OUTPUT_FILE.write_text(YAML_TEXT, encoding="utf-8")

# Print confirmation to verify the file creation and its absolute path.
print(f'Dataset registry written successfully at: {OUTPUT_FILE}')

Dataset registry written successfully at: /lab/px/anichlabs/neurassist/configs/datasets.yaml


# 2. Verify dataset registry and local folders.
Read the YAML ragistry created in step 1 and confirm that each dataset path exists locally and is not empty.
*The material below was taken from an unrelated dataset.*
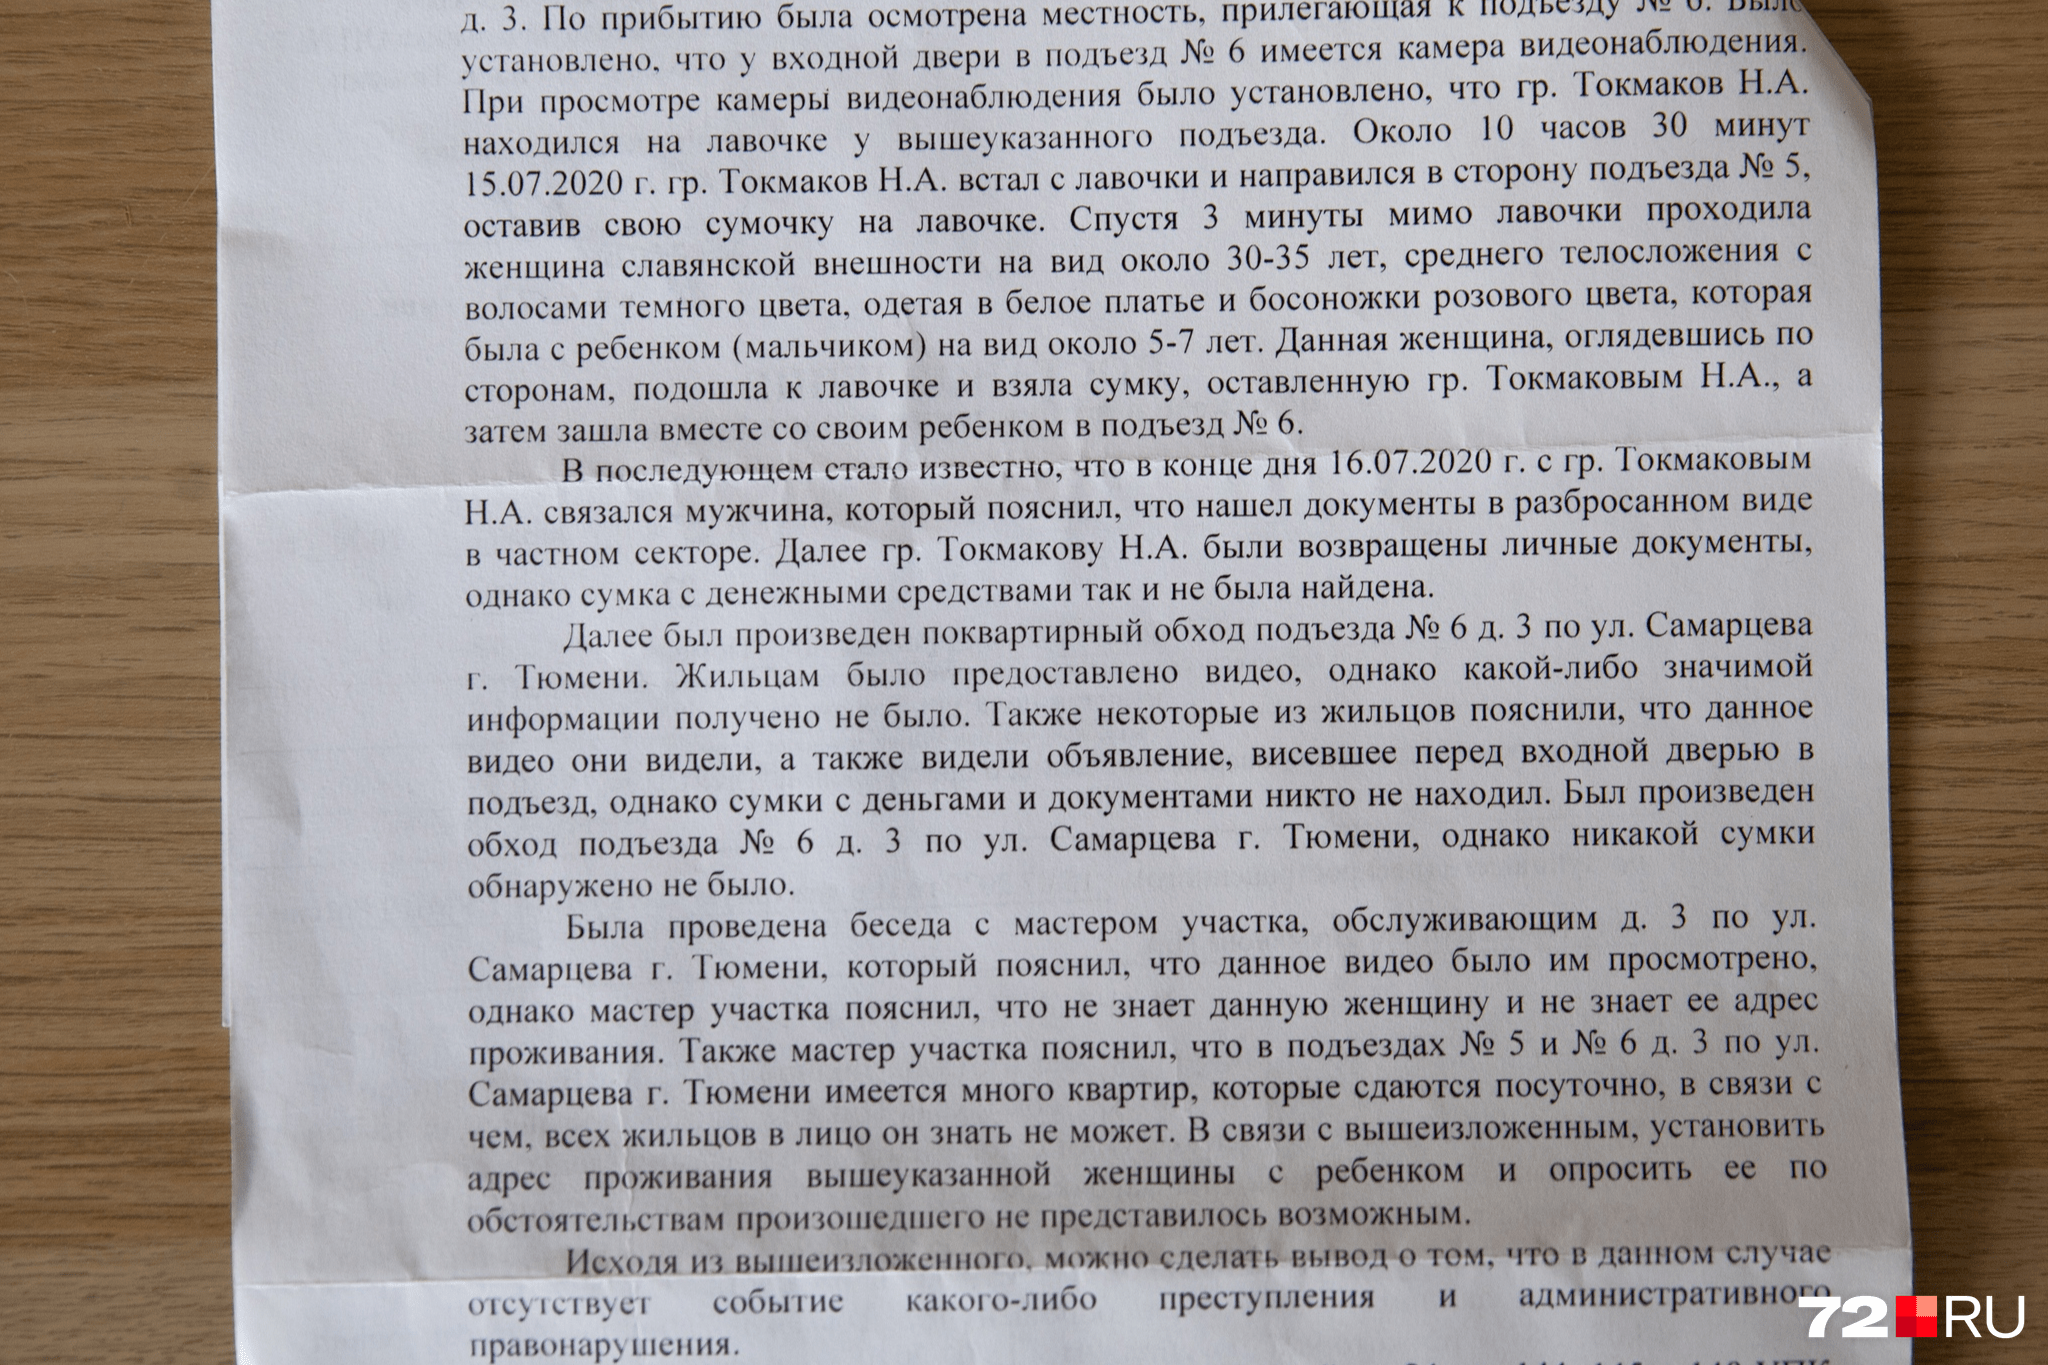 Документ о результатах проверки, который пришел Токмаковым 

This ensures that later loaders will have valid data sources before any preprocessing or modelling.
#### Rationale:
- Validate **file-system consistency** early to avoid silent path errors later.
- Build a small reusable utility to check dataset readiness.
- Teach how to use the `yaml` library safely (`yaml.safe_load`) for reproducible configuration parsing.
- Reinforce good engineering practice: verify assumptions before executing data pipelines.

In [None]:
# Step 2: Validate datasets.yaml and check dataset folders.
# ---------------------------------------------------------
# This code reads the YAML file created in Step 1 and verifies:
#   1. The file exists and is readable.
#   2. Each dataset section has a 'local_path' field.
#   3. Each referenced directory exists and contains at least one file.
# This prevents downstream errors when trying to load missing datasets.

from pathlib import Path
import yaml # PyYAML is part of most complete scientific Python environments.
import os

# Define paths.
PROJECT_ROOT = Path("..").resolve()
CONFIG_FILE  = PROJECT_ROOT / "configs" / "datasets.yaml"

# Check that the YAML file exists.
if not CONFIG_FILE.exists():
    raise FileNotFoundError(f'Configuration file not found: {CONFIG_FILE}')

# Load the YAML content safely.
with CONFIG_FILE.open("r", encoding="utf-8") as f:
    CONFIG = yaml.safe_load()

# Function to verify that each dataset path exists and is non-empty.
def verify_dataaset(config_dict):
    """
    Iterate through EEG and EMG entries, verifying that the given
    local_path exists and contains at least one fil or subdirectory.
    """
    for domain, datasets in config_dict.items